Photomicrographs of H&E-stained lung tissue 1 day after exposure of C57BL/6 mice to DM alone (control; A, D, G, J) or TiO₂‑NB at 40 μg/50 µL DM (B, C, E, F, H, I, K, L). Photomicrographs are representative sections from each of the four labs: (A–C) ML1, (D–F) ML2, (G–I) ML3, and (J–L) ML4. (A, D, G, J, B, E, H, K) Bright-field light microscopy of representative sections of lung from control mice (A, D, G, J) and TiO₂‑NB–exposed mice (B, E, H, K); sections from TiO₂‑NB–exposed mice show inflammatory lesions primarily localized to alveolar duct bifurcations. (C, F, I, L) Polarized light microscopy of the same images shown in B, E, H, and K show inflammation at an alveolar duct bifurcation. Abbreviations: a, alveolus; ad, alveolar ducts; bv, blood vessel; e, airway epithelium; tb, terminal bronchioles. Arrows indicate TiO₂‑NBs within macrophages at alveolar duct bifurcations, and asterisks (*) indicate inflammatory foci. All photo­micrographs were taken at the same magnification; bar = 50 μm.

Figure 3

Stimulation of neutrophilic inflammation in the lungs of mice by O-MWCNT (A), P-MWCNT (B), or F-MWCNT (C) evaluated in four labs (ML1, ML2, ML3, ML4). Values shown are the mean ± SE percentage of neutro­phils in BALF 1 day after exposure to DM only (control) or MWCNTs at 40 µg/50 µL. (A) Significant increase induced by O-MWCNT in all four labs. (B) Significant increase induced by P-MWCNT in two labs. (C) Significant increase induced by F-MWCNT in three labs, F-MWCNT albeit to a lesser extent than that induced by O-MWCNT. *p < 0.05, **p < 0.01, and ^#p < 0.001 compared with controls.

Figure 4

Results of lung histopathology (A), BAL cytospins (B), and immunohistochemistry (C) for mice exposed to DM only (control) or O-MWCNTs (40 μg/50 μL). Abbreviations: a, alveolus; AD, alveolar ducts; BV, blood vessel; TB, terminal bronchioles. (A) Histopathology showing lung inflammatory response to O-MWCNTs. Centriacinar bronchiolitis/alveolitis (dashed arrows) was induced by O-MWCNTs in three of four labs (ML1, ML2, ML3); one lab (ML4) found some deposition of O-MWCNTs in alveolar ducts with marginal inflammation. Solid arrows indicate macrophages containing O-MWCNT. (B) BAL cytospin images of cells from the lungs of mice exposed to DM (control) or O-MWCNTs; > 95% of macrophages from O-MWCNT–exposed animals were enlarged, activated alveolar macro­phages with numerous MWCNT inclusions (solid arrows) and neutrophils that do not contain MWCNTs (dashed arrows). The images are from a single lab (ML3) but are typical of responses from ML1 and ML2. (C) Immunohistochemistry using a monoclonal rat anti-mouse neutrophil (allotypic marker clone 7/4) antibody showing the location of neutro­phils (dashed arrows) near terminal bronchioles and in relation to macrophages containing O-MWCNT (solid arrows).
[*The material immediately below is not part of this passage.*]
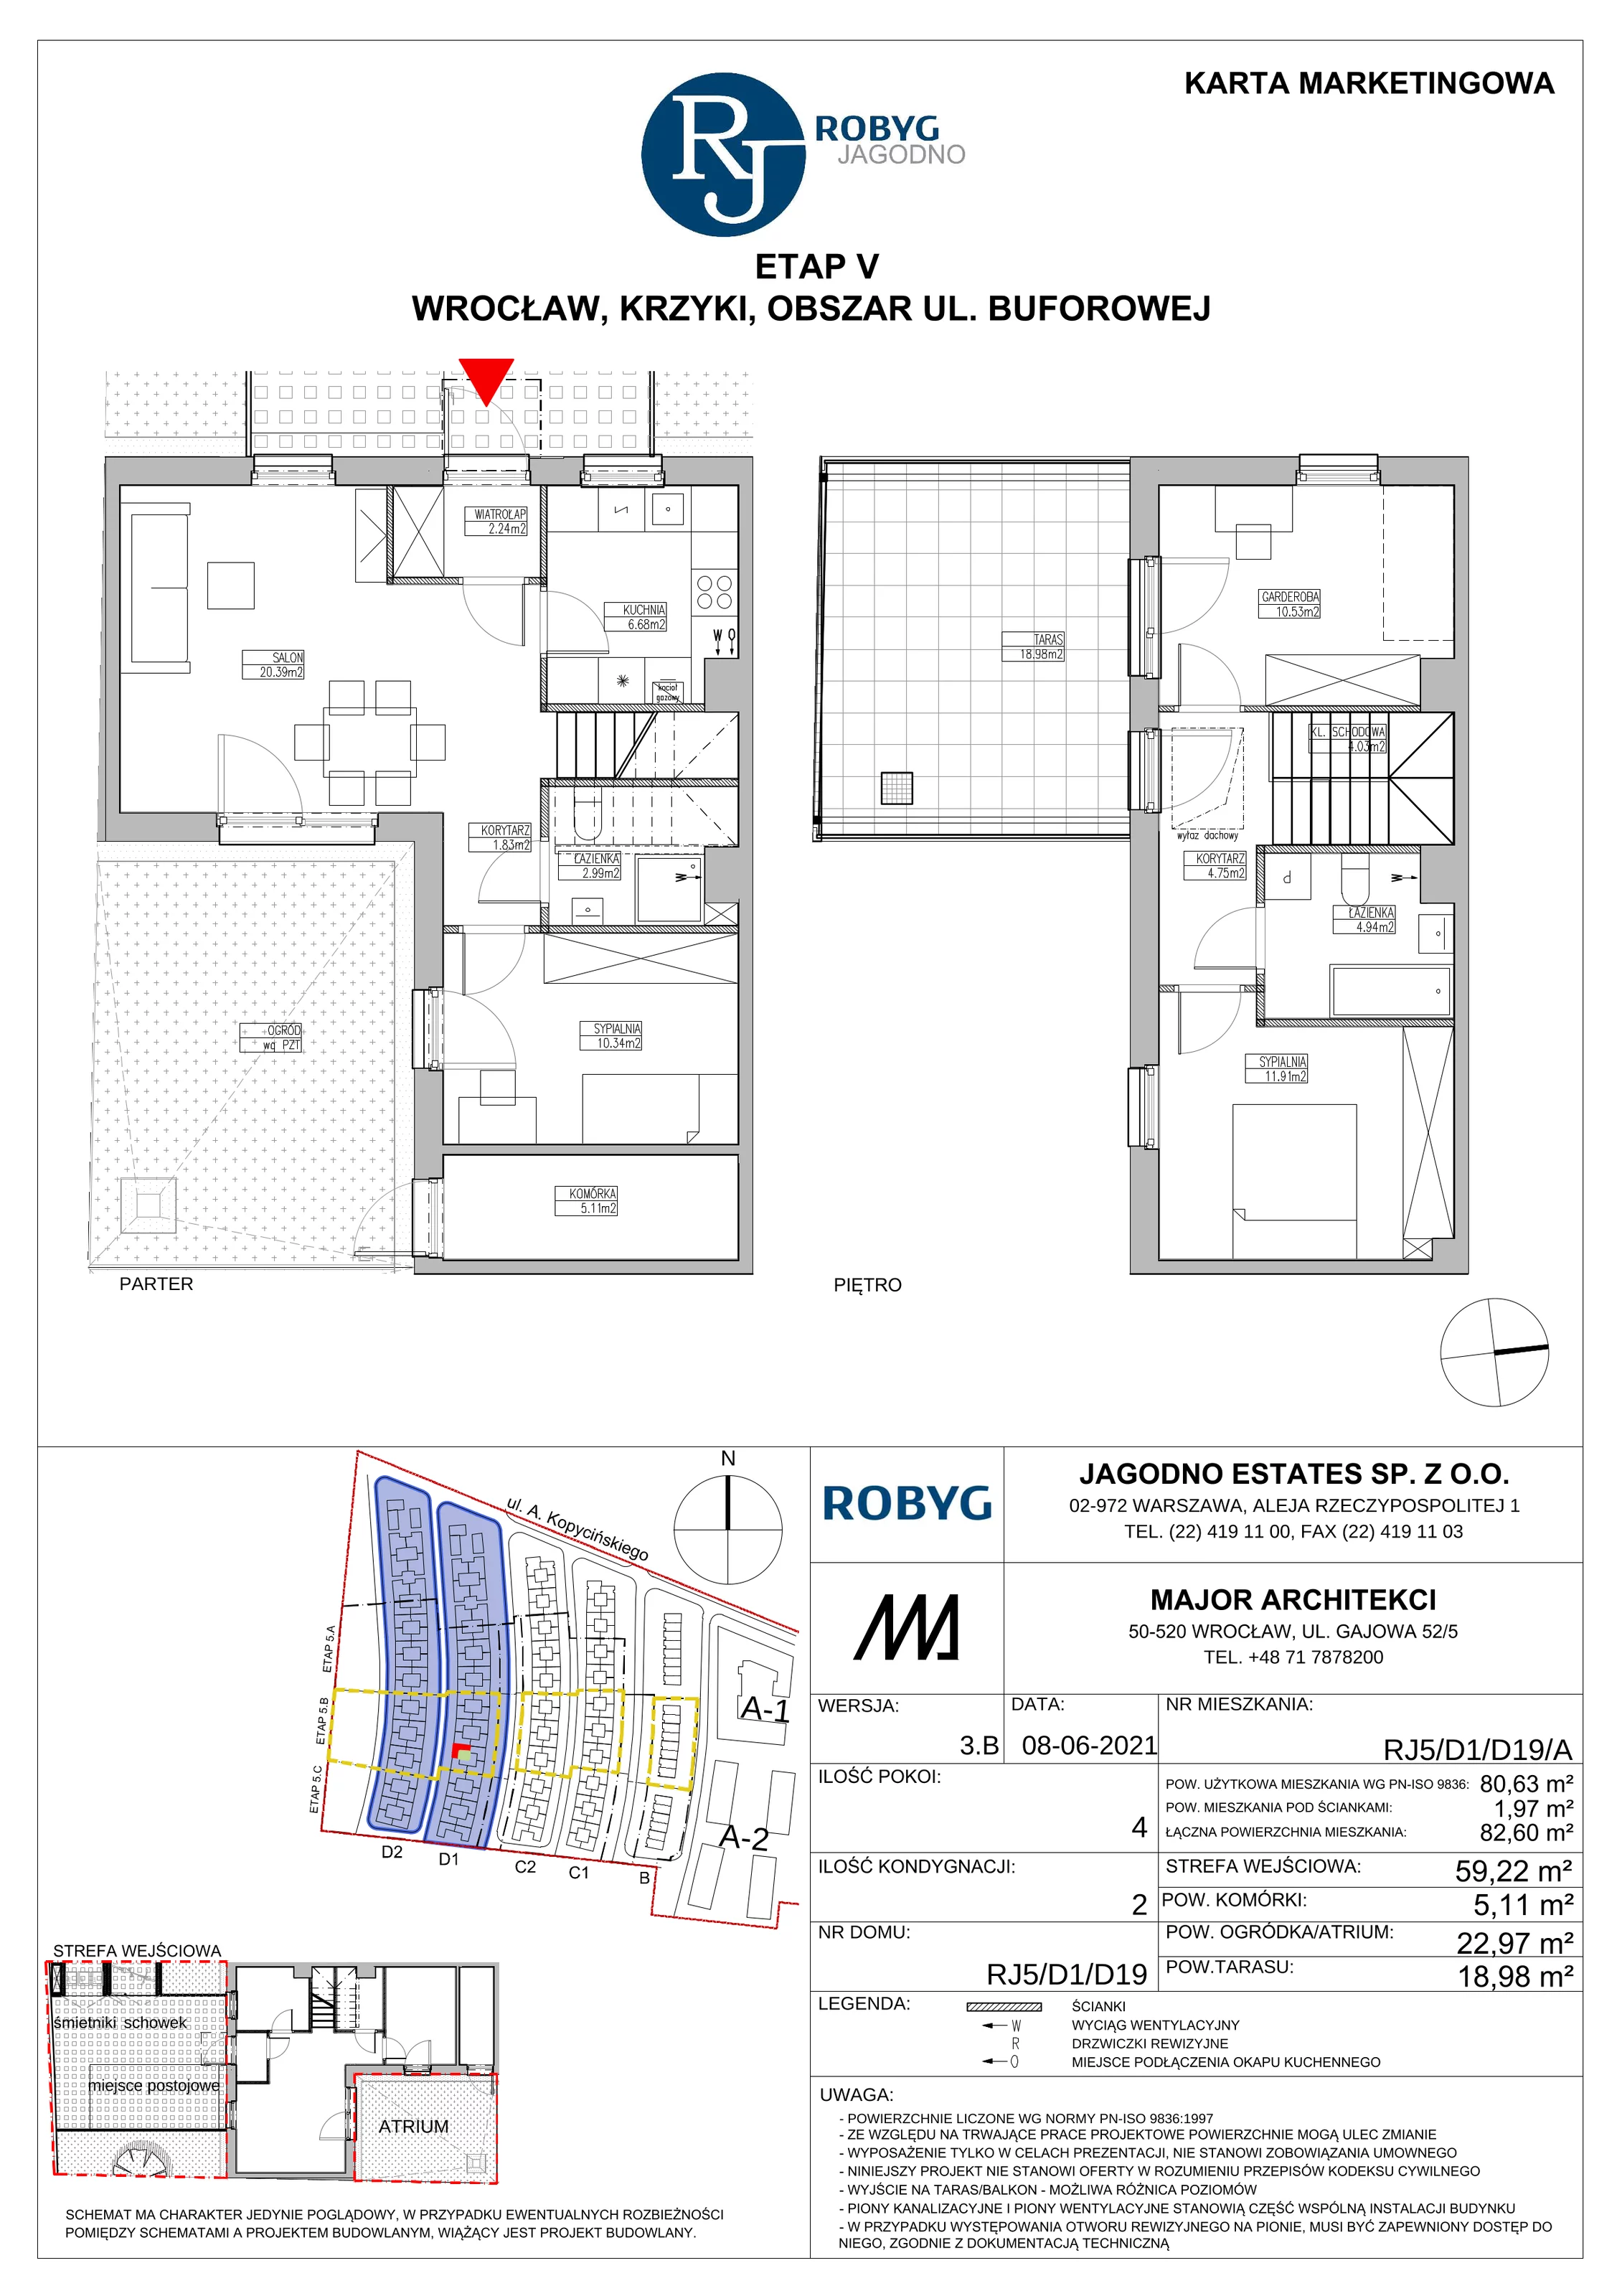 Dom 80,63 m², oferta nr RJ5/D1/D19/A, Robyg Jagodno, Wrocław, Jagodno, Krzyki, ul. Kopycińskiego

Representative images are from ML3.

Figure 5

Stimulation of neutrophilic inflammation in the lungs of rats by TiO₂‑P25 (A), TiO₂-A (B), or TiO₂‑NB (C) evaluated in three labs (RL1, RL2, and RL3). Values are the mean ± SE percentage of neutro­phils in BALF 1 day after exposure to DM only (control) or TiO₂ ENMs (20, 70, or 200 µg/250 µL). *p < 0.05 compared with controls.

Figure 6

Stimulation of neutrophilic inflammation in the lungs of rats by O-MWCNT (A), P-MWCNT (B), or F-MWCNT (C) evaluated in three labs (RL1, RL2, and RL3). Values are the mean ± SE percentage of neutro­phils in BALF of rats 1 day after treatment with DM only (control) or MWCNTs (10, 50, or 200 µg/250 µL). *p < 0.05 compared with controls.